I am very happy with the Kappa and want to keep it, but if some day I have $300 burning a hole in my pocket, I would like to try out the Scanspeak.


----------



## Brian Steele (Jun 1, 2007)

ZAKOH said:


> I run *Infinity Kappa 120.9w* with 250watts. 1.1-1.25 is approximately right for it. It's a very nice subwoofer that plays tight bass and can get loud when necessary. Sonicelectronix has it on sale for around $130 right now shipped. There is a switch to flip impedance from 2ohms to 4ohms. That's one of the reasons I bought it. I can move it between a mono block (2ohm) and bridged 2-channel amplifier (4ohm) with no issues.


Going by the specs, $130 is a REALLY good price for those drivers. The surround doesn't look like it will support 36mm of linear excursion peak-peak however. It actually looks very similar to what's used on the previous model, the 122.7W (of which I own two), which has a listed Xmax of 12mm (and seems to generate noticeable motor noise before achieving that). Did you ever try hooking one of them up to a low frequency source (~10 Hz ) and upping the level to see if the cone can do over an inch of travel without generating noticeable distortion?


----------



## Hanatsu (Nov 9, 2010)

More fun with "off brand" stuff imo. There are probably more subs in the car audio market than there are for home audio, and the other way around when it comes to other speakers.

Anyway, Peerless XXLS gotta be one of the best subs I ever had. Regret selling that one


----------



## ZAKOH (Nov 26, 2010)

Brian Steele said:


> Going by the specs, $130 is a REALLY good price for those drivers. The surround doesn't look like it will support 36mm of linear excursion peak-peak however. It actually looks very similar to what's used on the previous model, the 122.7W (of which I own two), which has a listed Xmax of 12mm (and seems to generate noticeable motor noise before achieving that). Did you ever try hooking one of them up to a low frequency source (~10 Hz ) and upping the level to see if the cone can do over an inch of travel without generating noticeable distortion?


I don't know what to listen for to tell if the subwoofer has motor noise. Do I need to take it out of the box? I might need to do it to flip the switch to 4ohm mode soon. I have been running 20Hz tones with enough power for excursion to be at least 1 inch peek to peak. I didn't hear any noise. I was doing this to check if the seal between subwoofer and the box was good.


----------



## chad (Jun 30, 2005)

Hanatsu said:


> More fun with "off brand" stuff imo. There are probably more subs in the car audio market than there are for home audio, and the other way around when it comes to other speakers.
> 
> Anyway, Peerless XXLS gotta be one of the best subs I ever had. Regret selling that one


I have 2X XXLS 12's parked here in factory packaging...... still waiting for a project.

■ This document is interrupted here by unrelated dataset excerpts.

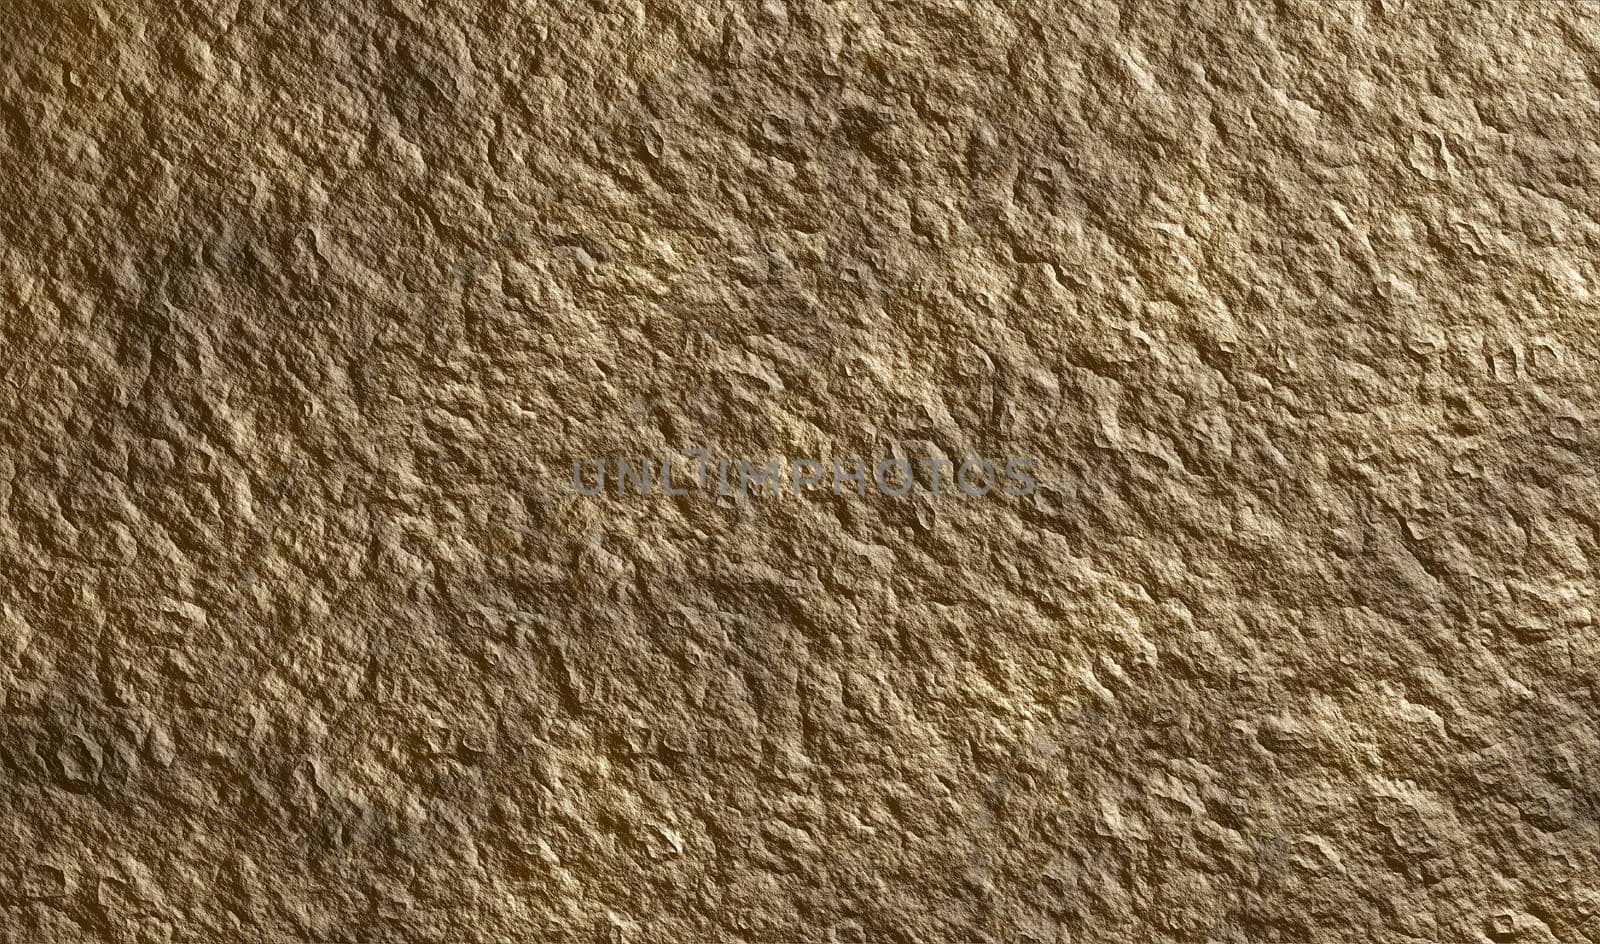 Wall stone rock abstract background texture closeup  by bormash
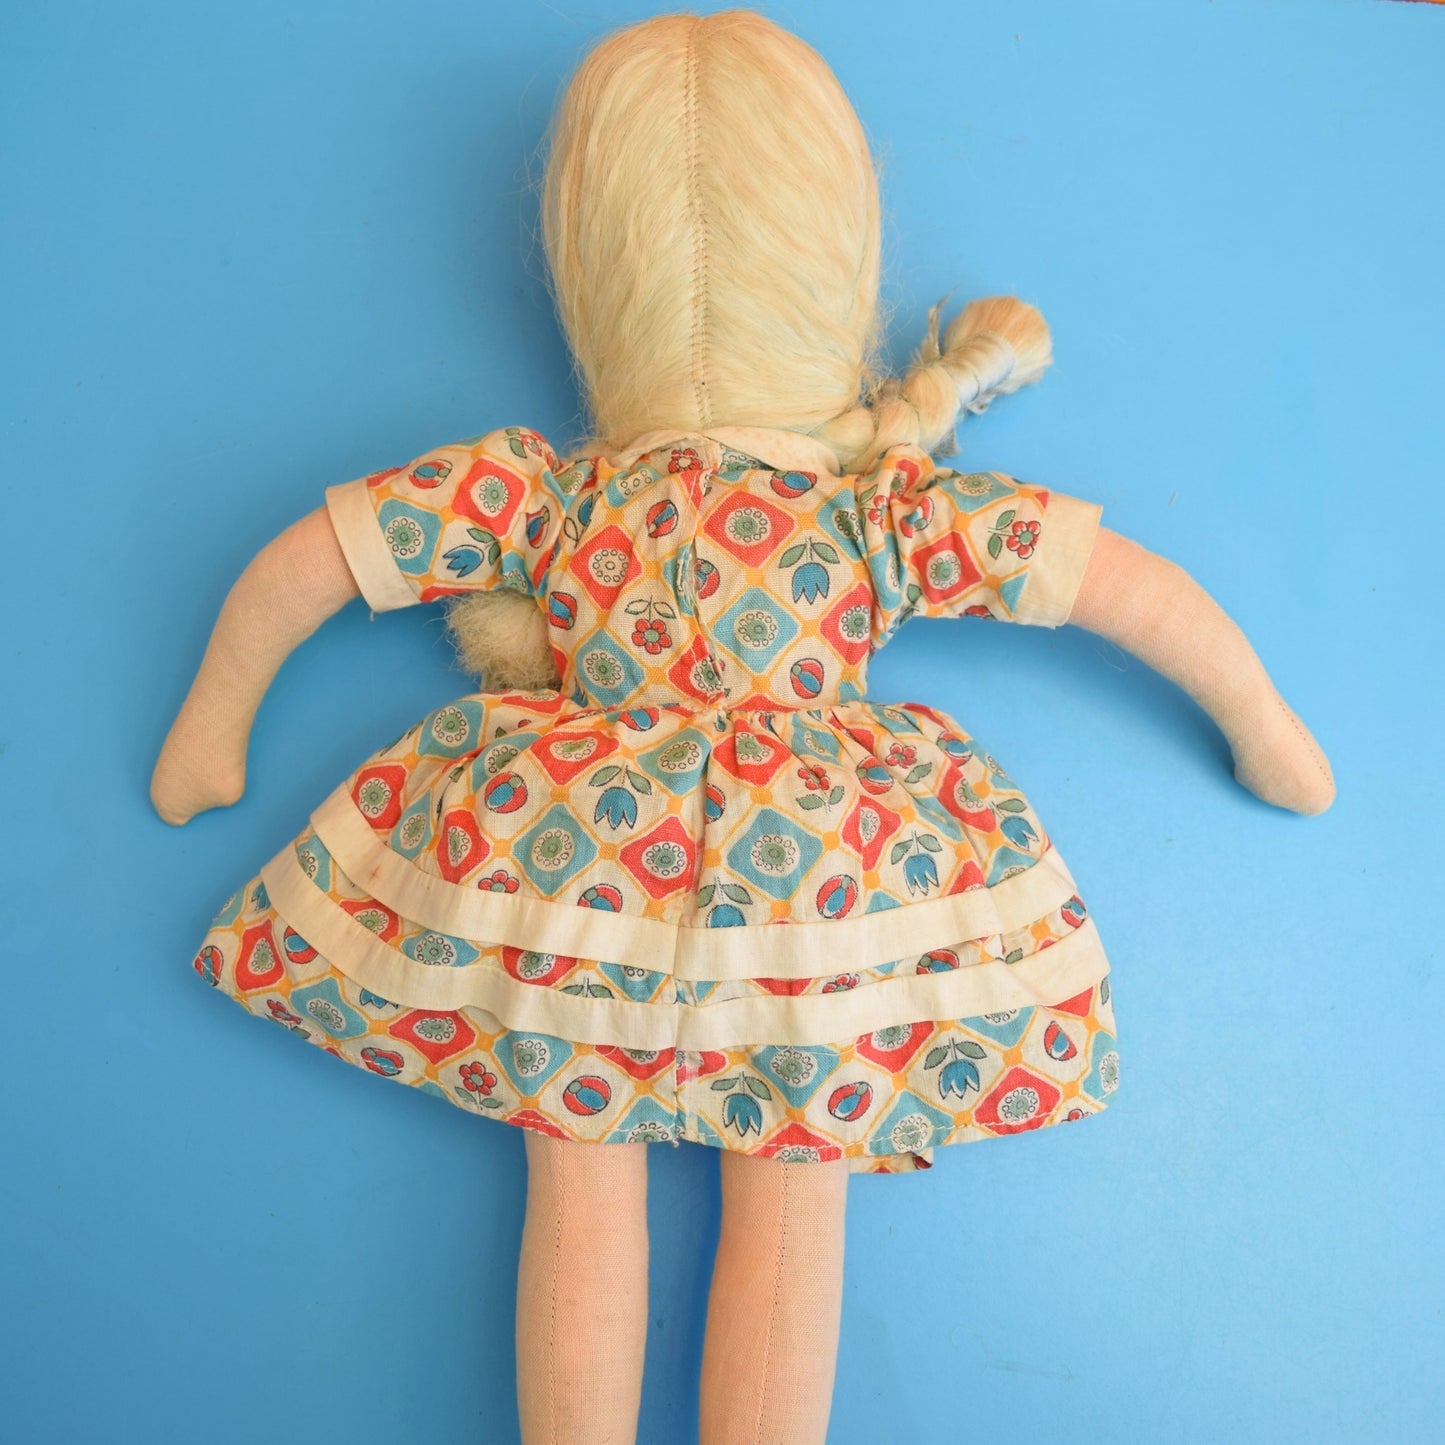 Vintage 1960s Kitsch Looby Lou Style Doll  - Plaits
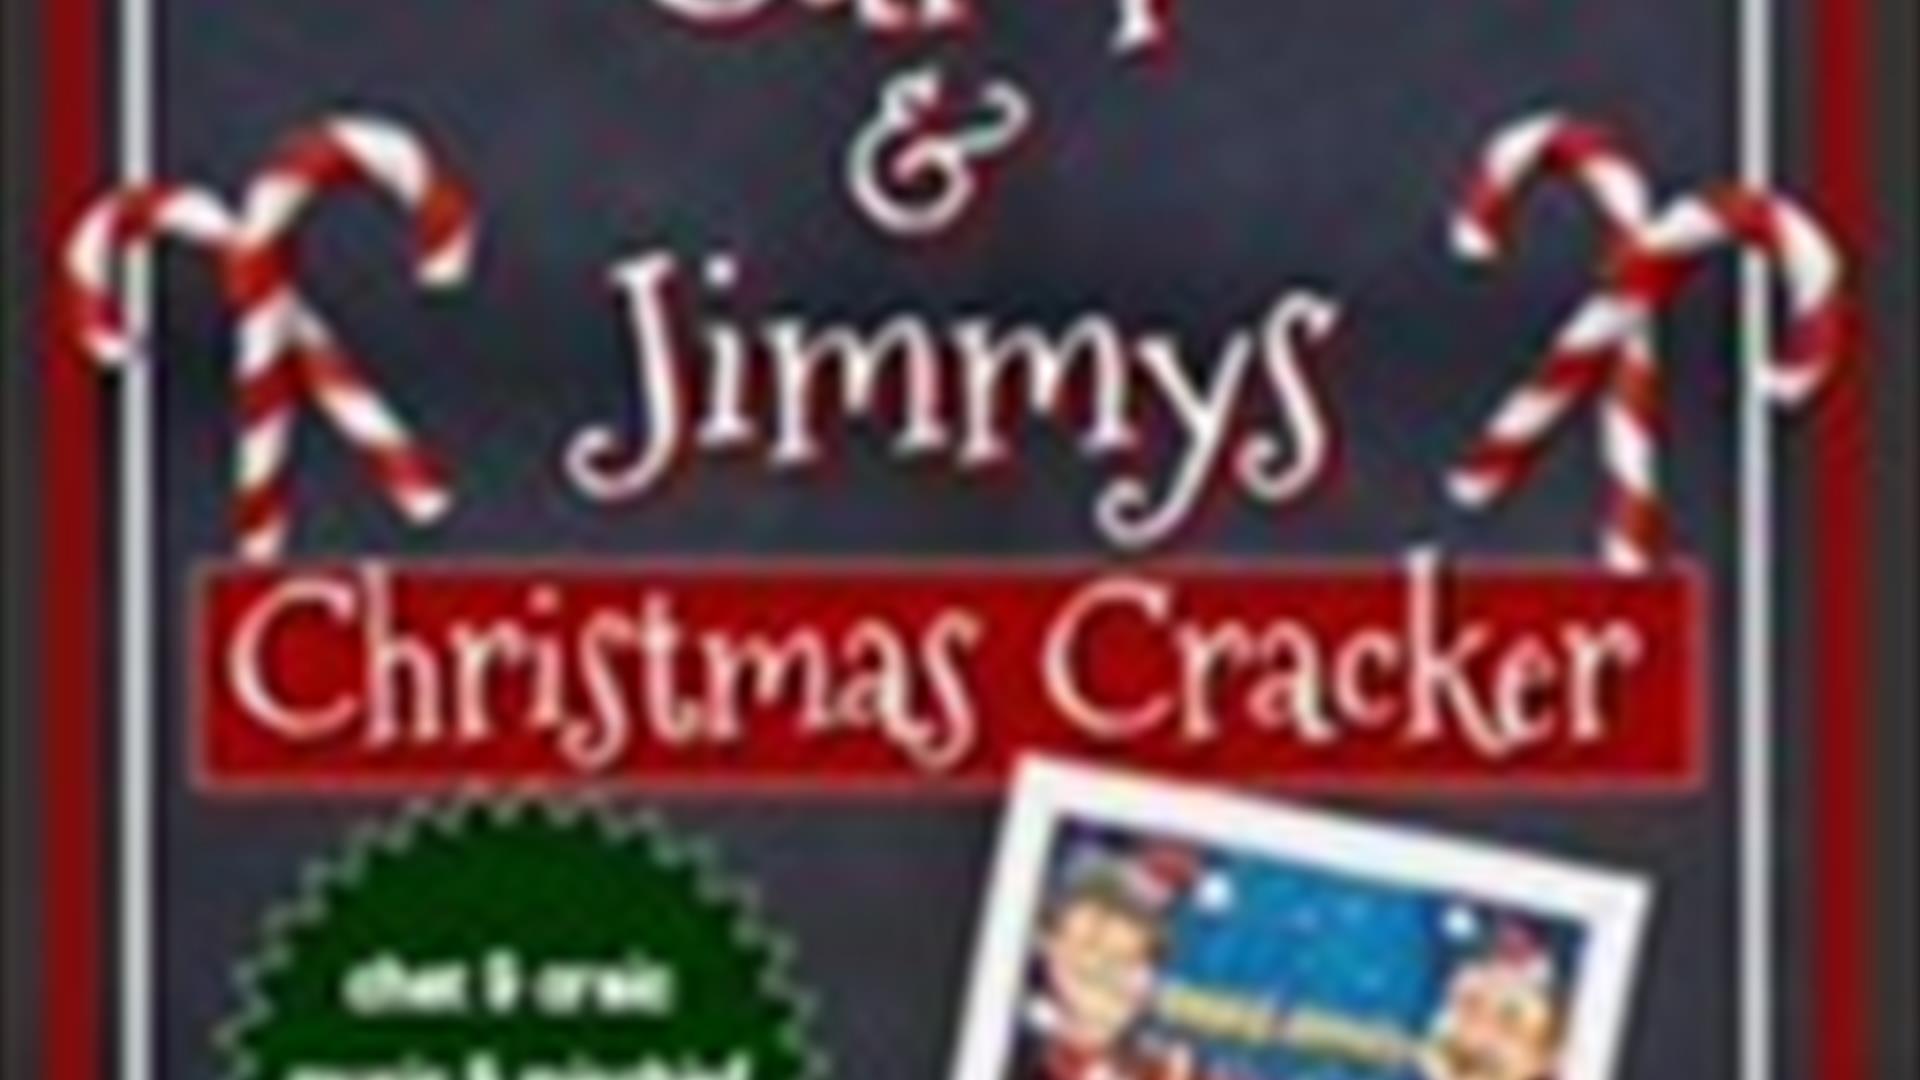 A Christmas themed poster of Jimmy and Carol
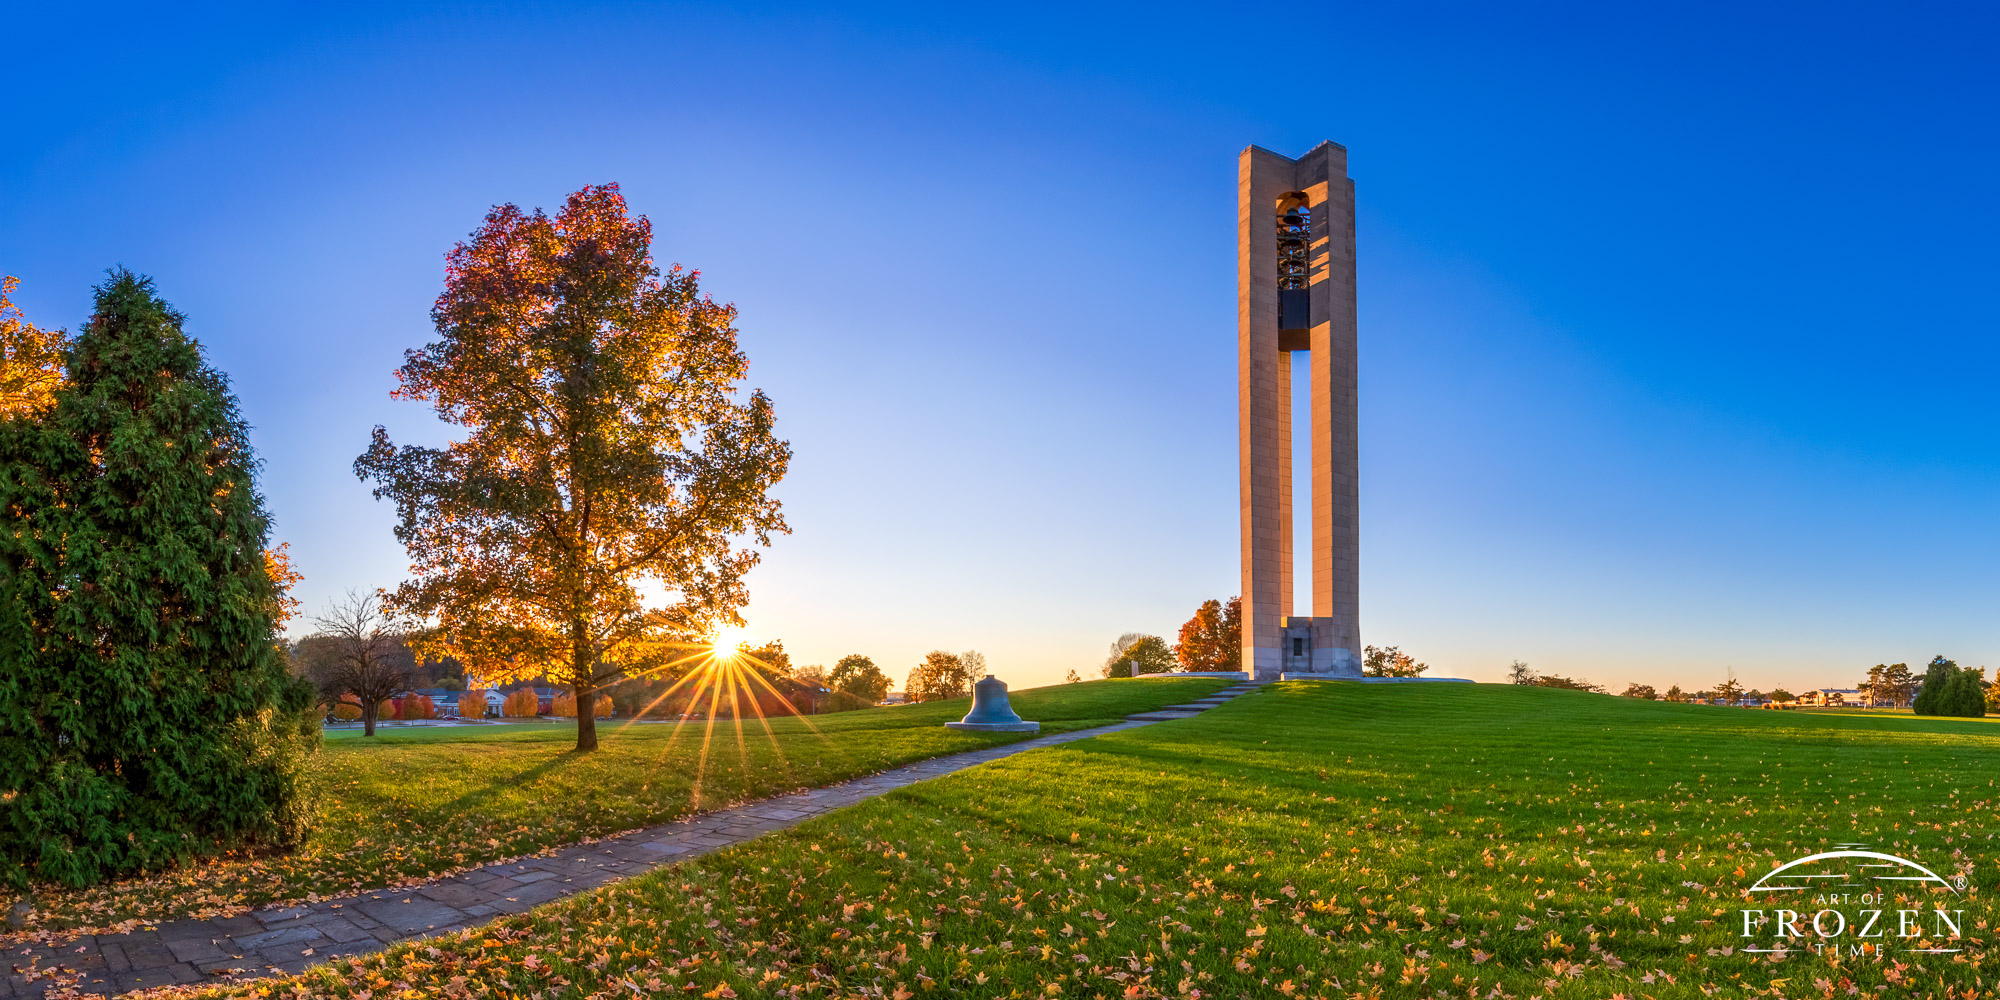 An autumn sunset painting Dayton’s Deeds Carillon in golden light as rays rake across the green grass and fall leaves

I think I'm going to side fire each in a tower with 2 peerless HDS 5.25" and a vifa XT25. all sitting on a shelf, waiting for ambition.


And spouse approval. And figuring out how to recess a truncated frame driver.


----------



## Brian Steele (Jun 1, 2007)

ZAKOH said:


> I don't know what to listen for to tell if the subwoofer has motor noise. Do I need to take it out of the box? I might need to do it to flip the switch to 4ohm mode soon. I have been running 20Hz tones with enough power for excursion to be at least 1 inch peek to peak. I didn't hear any noise. I was doing this to check if the seal between subwoofer and the box was good.


Motor noise = any noise caused by cone excursion, e.g. air rushing through the pole piece or the vents below the spider. The best drivers feature little to no motor noise at high excursion levels. This type of noise tends to be inaudible if you use a sealed box (with the magnet inside the box of course). It may be more noticeable in other alignments, e.g. "clamshell" isobaric.

However, there is also the non-linear distortion that will be generated as the driver approaches or exceeding Xmax. From your note, it looks like the driver is capable of doing at least 25mm of excursion without this being noticeable. That's pretty good for a driver that costs $130.


----------